When the business climate changed in South Africa, Mary moved to the United States in 1997, and Svend came the following year. He cleared much of the landscape to have a beautiful view of the bucolic Barrington countryside.

"I'm happy to be an American," Svend says. "I feel at home with the Americans. I don't really belong anywhere but the United States."

As one of 700,000 new citizens added to the roll this year, Svend says he plans to be an active American.

"I read a newspaper a day, and I take an interest in politics," Svend says, noting the questions he answered correctly to pass the citizenship test were "really easy for me."

Immigrants often know more about their new country than do native-born Americans.

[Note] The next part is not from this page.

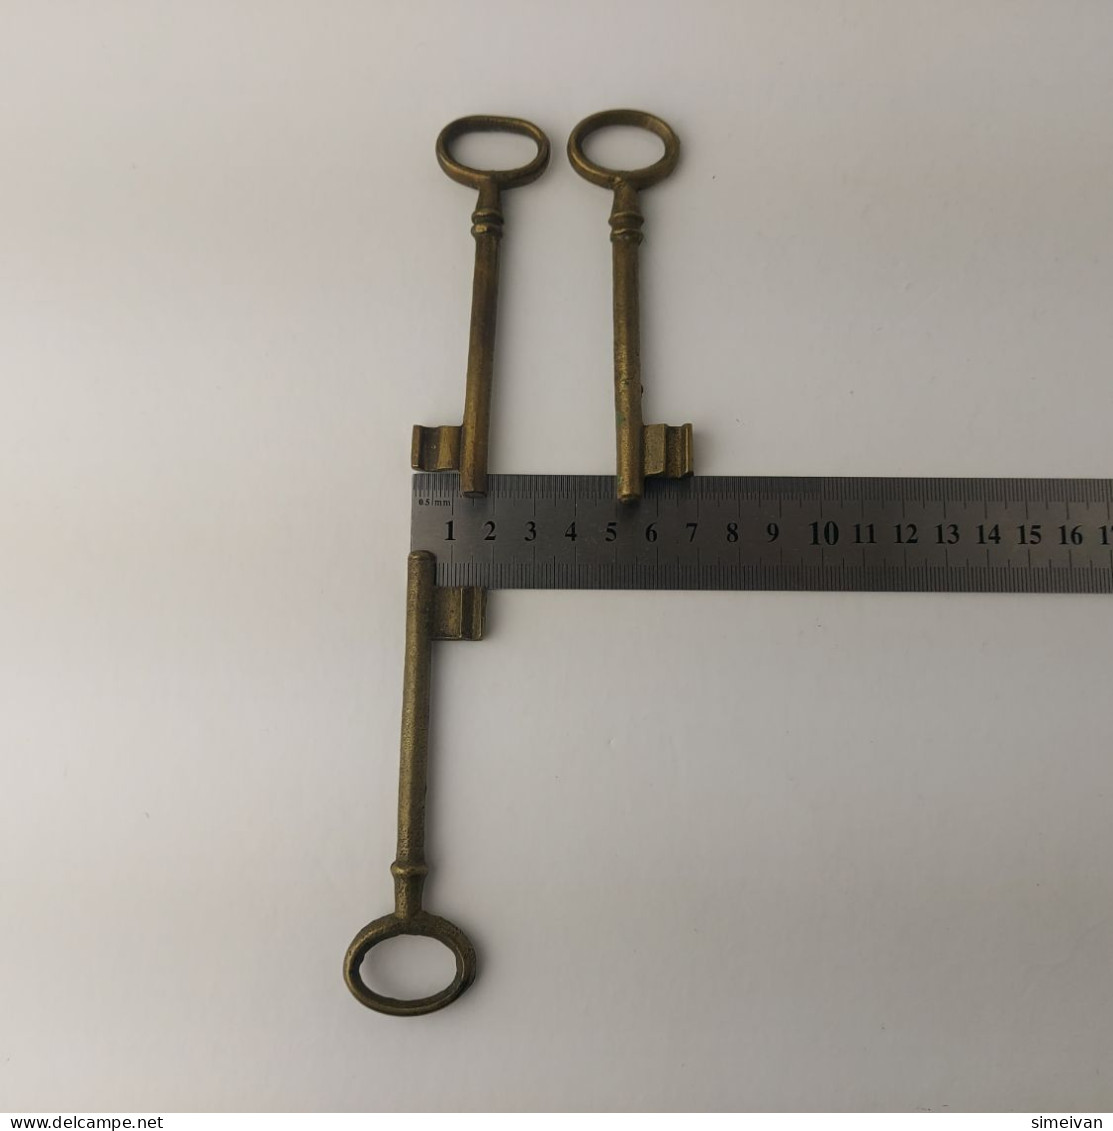 Vintage Lot of 3 Different Brass Keys Skeleton Keys 10 cm #5548

"Time and again, when I am talking to Americans about things I take for granted they would know, they don't," Svend says. "They don't realize how important politics is."

A videotaped message from President Bush welcomes Svend and the other new citizens to their lives as Americans, reminding them of their rights and responsibilities. Now that he's feeling better, Svend says he'll register to vote in the 2008 election to select a new U.S. president.

"I'm not quite happy with the one I've got now," Svend says.

Spoken like a real American.

• One of the duties of being a U.S. citizen is casting an informed vote. I didn't help that cause in Thursday's column about third-party candidates when I mistakenly called Richard Campagna the Libertarian Party's 2004 presidential candidate. Campagna was merely the running mate of Libertarian presidential candidate Michael J. Badnarik. I am sorry for my error.